In recent history, every new economic "boom" has been fueled by more and more money printing. Thus, there are more distortions in the economy. When the money printing is stopped, or slowed, the downturn that results requires more re-adjustment in the economy than previous downturns which did not experience as great a period of money printing leading up to the downturn. For example the center of 1990-91 downturn impacted internet stocks. The epicenter of the current downturn has been the real estate market. Certainly, it can be easily seen that the real estate market has had a much more dramatic impact than the stock internet led downturn. The money to fuel the real estate boom has been multiples in size of what fueled the internet stock boom.
Secondly, with a government that is more active now than ever in attempting to prop up the old economy, the necessary liquidations are not allowed to occur, as they were in earlier downturns (Not that there weren't attempts to prop up earlier downturns, but not to the extant that we are witnessing now) . Thus, the economy tends to drag. The present support of the pre-crash economy has resulted in propping up the banking sector, the auto sector and the unemployed in general. These sectors would have been liquidated long ago if it wasn't for government intervention and the economy would have been on its way out of the current mess. But with these props, no one knows what the economy will look like once the props are removed. Will the Fed simply liquidate the trillion of mortgage securities it has on its books? Will they instead allow the money propping up the securities to simply enter the system once banks start to employ them instead of keeping them as excess reserves?

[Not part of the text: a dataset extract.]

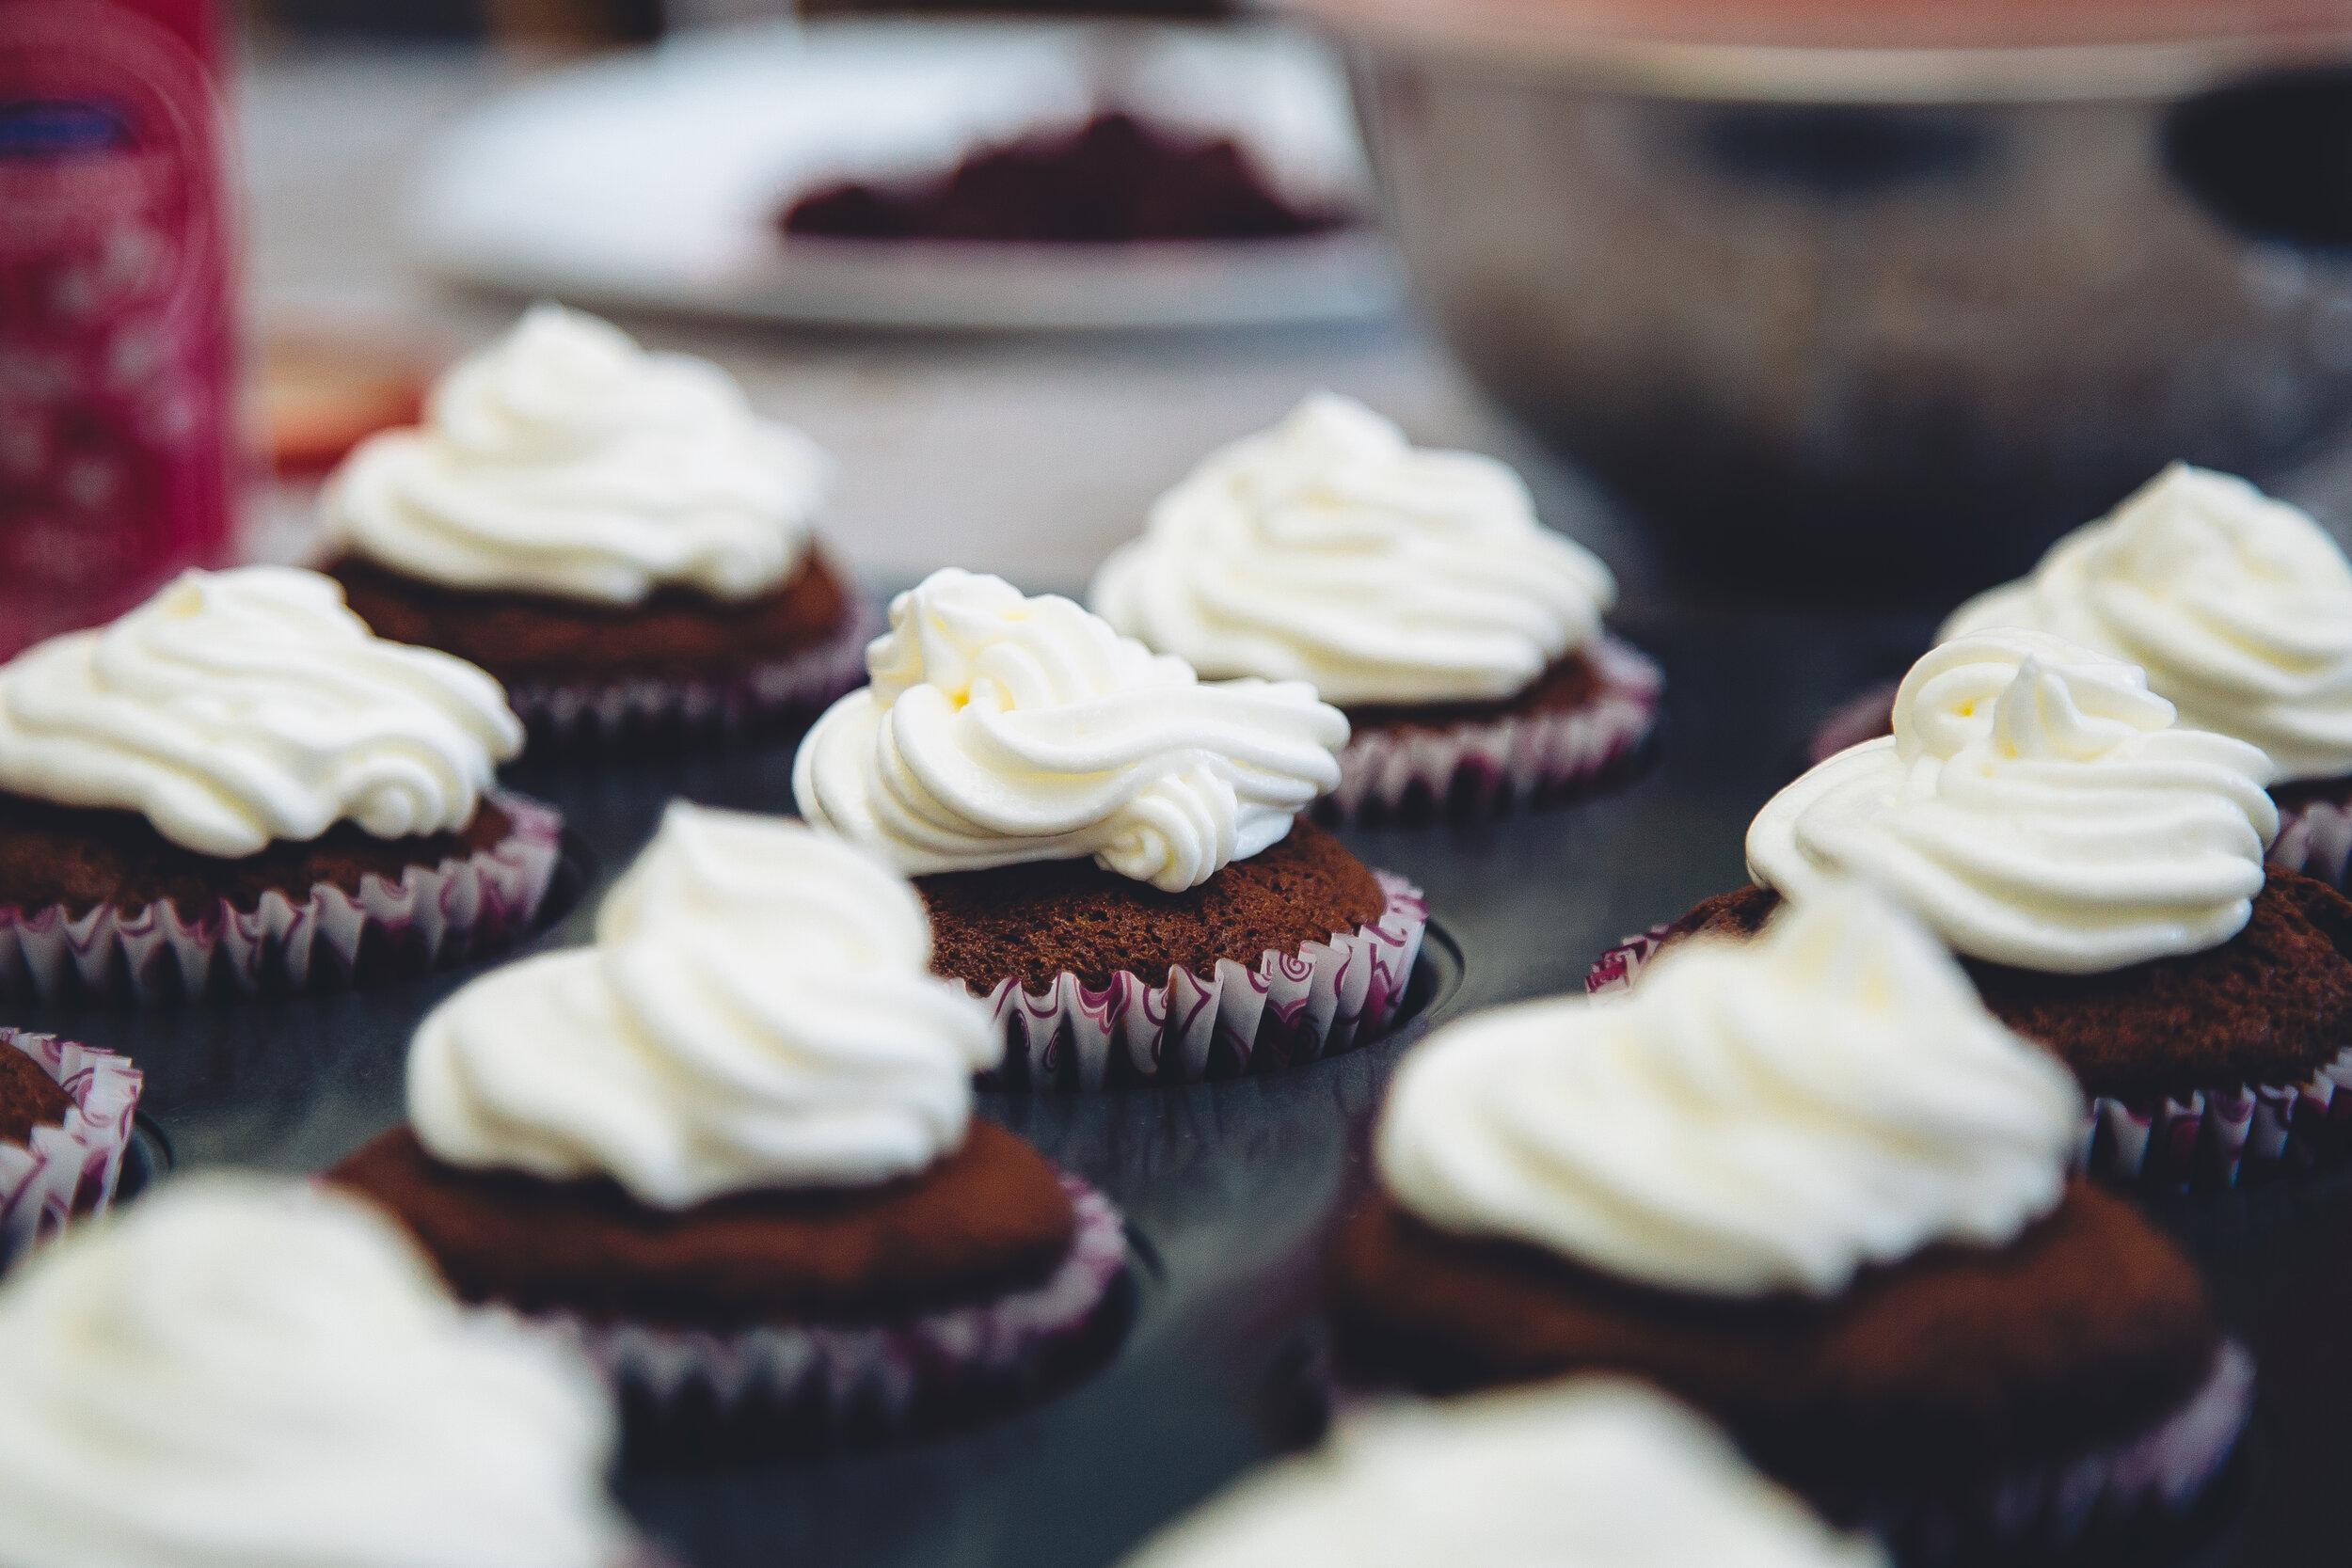 Canva - Shift-tilt Lens Photography of Cupcakes.jpg
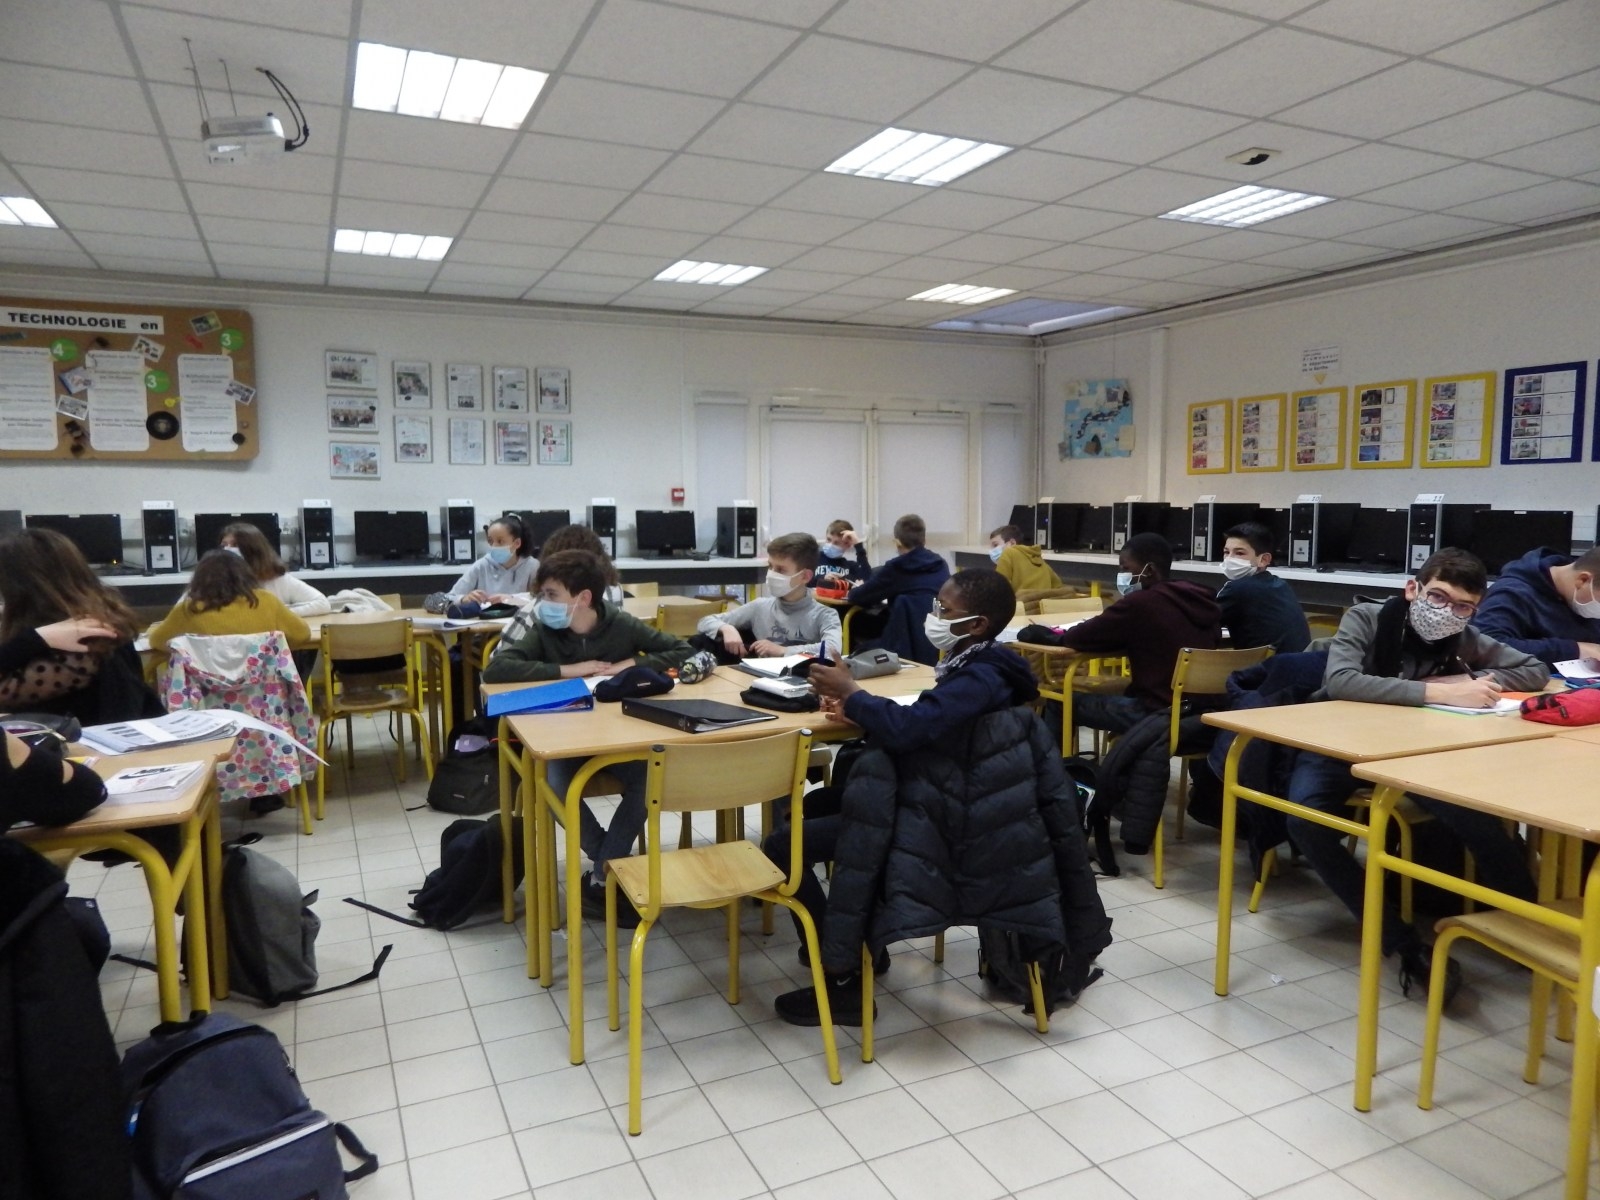 Salle de technologie n°1

These are the questions that businessmen may sense, even though they don't understand the technicalities of what is going on.
How the Fed handles this situation will have a huge impact on how the economy will develop. That no one knows, perhaps even the Fed, adds to the great uncertainty felt by most businessmen.
Bottom line: Everyone understands that the ultimate impact of the propping up of the manipulated economy has yet to be felt. No one knows exactly how it will develop. This uncertainty adds another level to the slowness of the so-called recovery.